Task to complete: The output should contain the listing word for word and no pictures.

───── Information shown

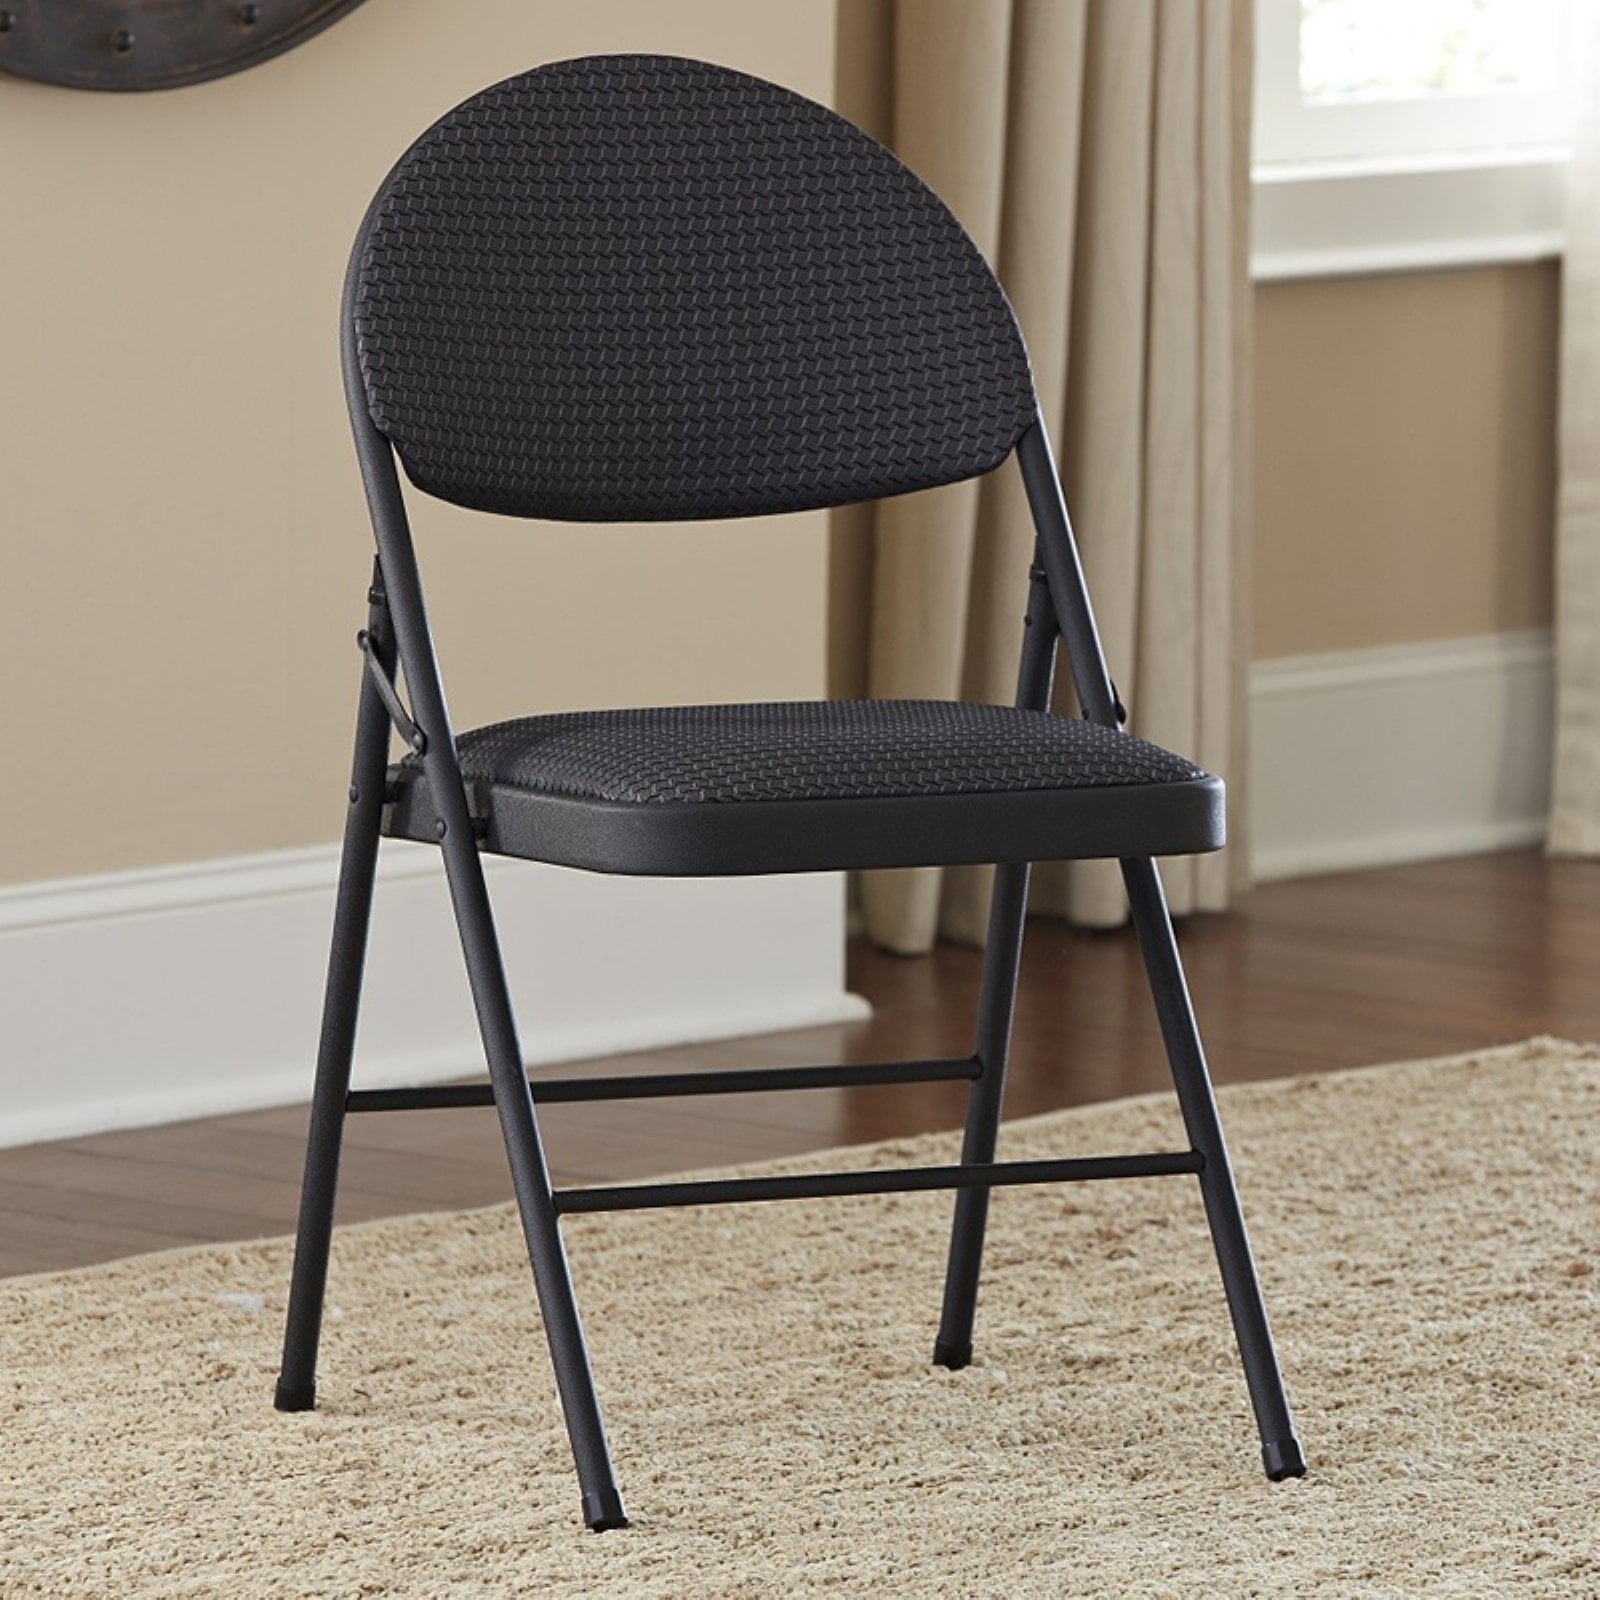 Cosco XL Comfort Folding Chairs - 4 Pack - Walmart.com
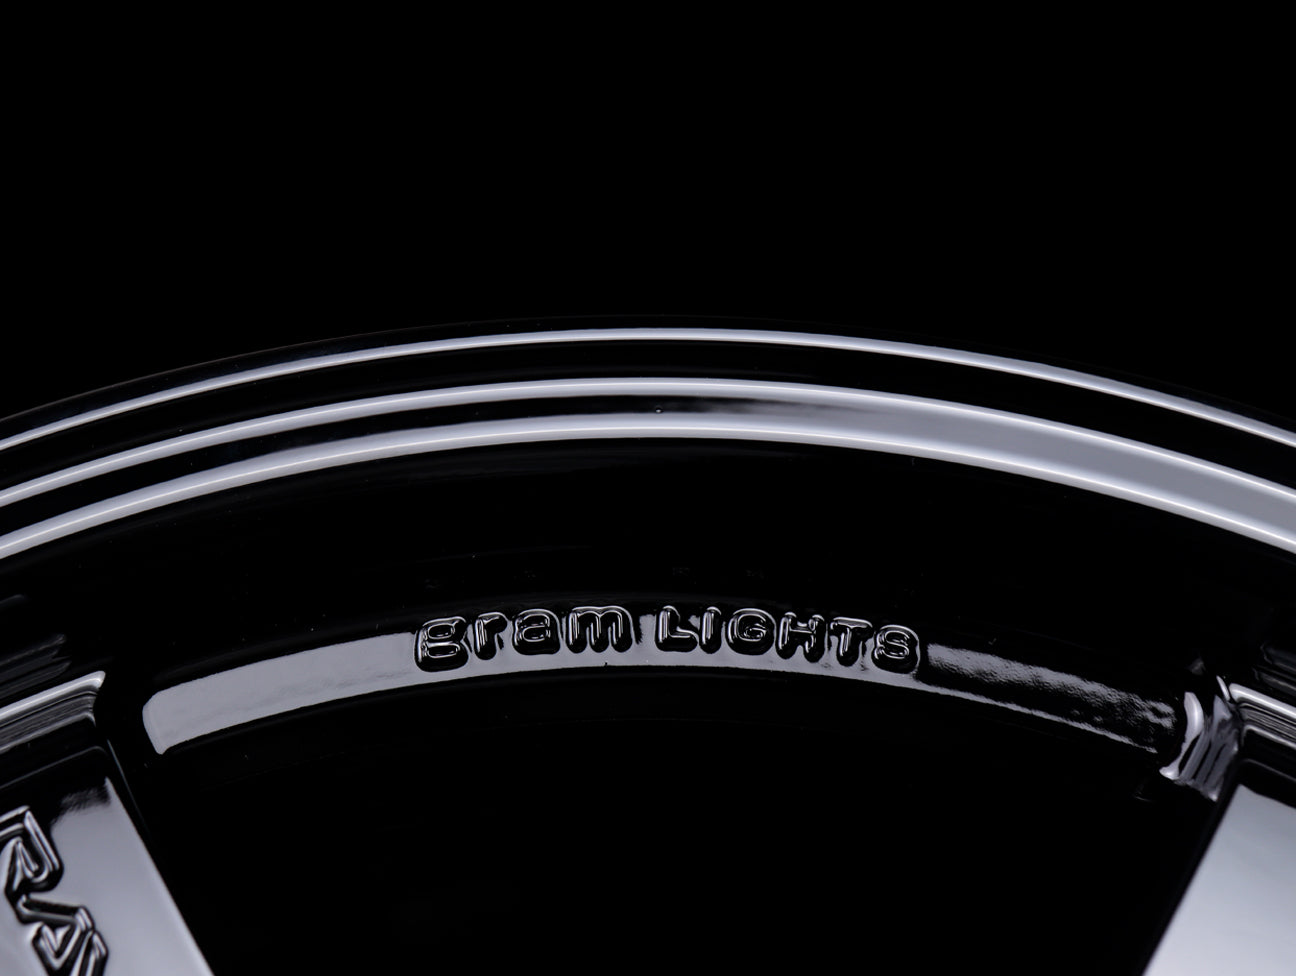 Rays Gram Lights 57DR Wheels - Gloss Black 17x9 / 5x114.3 / +38
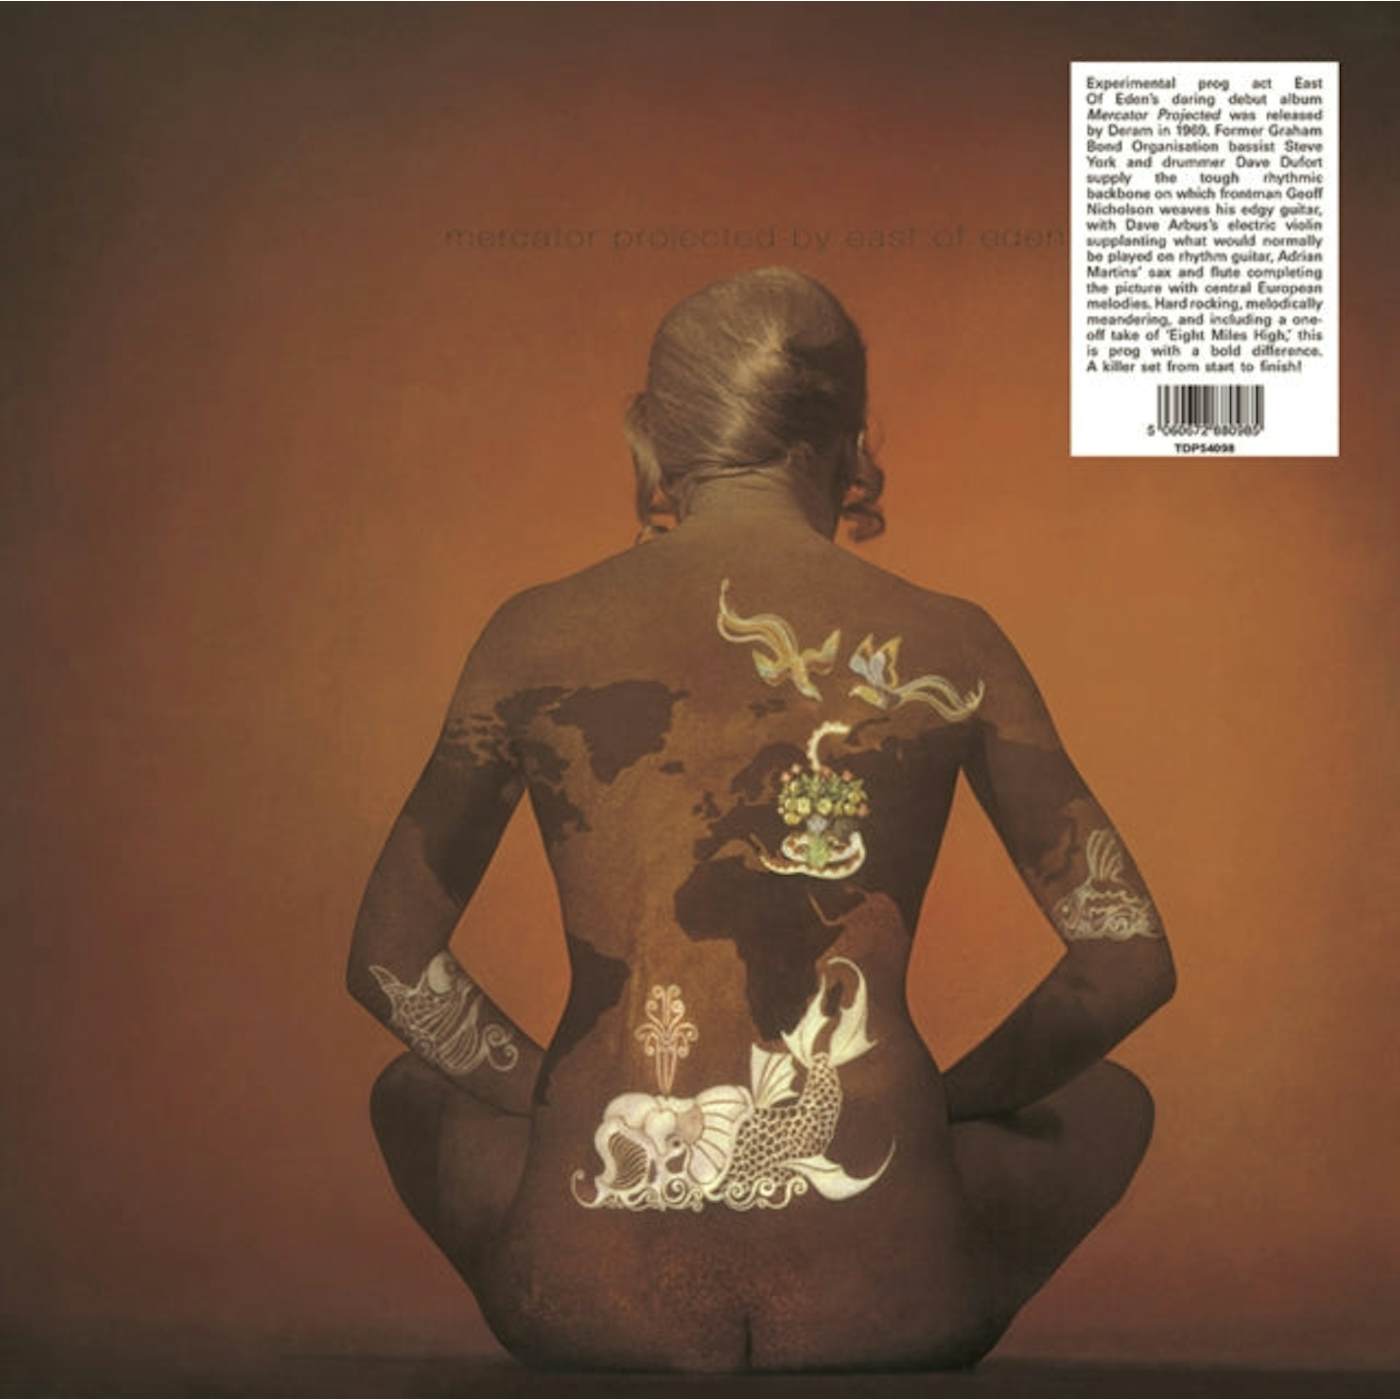 East Of Eden LP Vinyl Record - Mercator Projected

──────────

Response:
 Cosco XL Comfort Folding Chairs - 4 Pack - Walmart.com
 Rays Gram Lights 57DR Wheels - Gloss Black 17x9 / 5x114.3 / +38
 East Of Eden LP Vinyl Record - Mercator Projected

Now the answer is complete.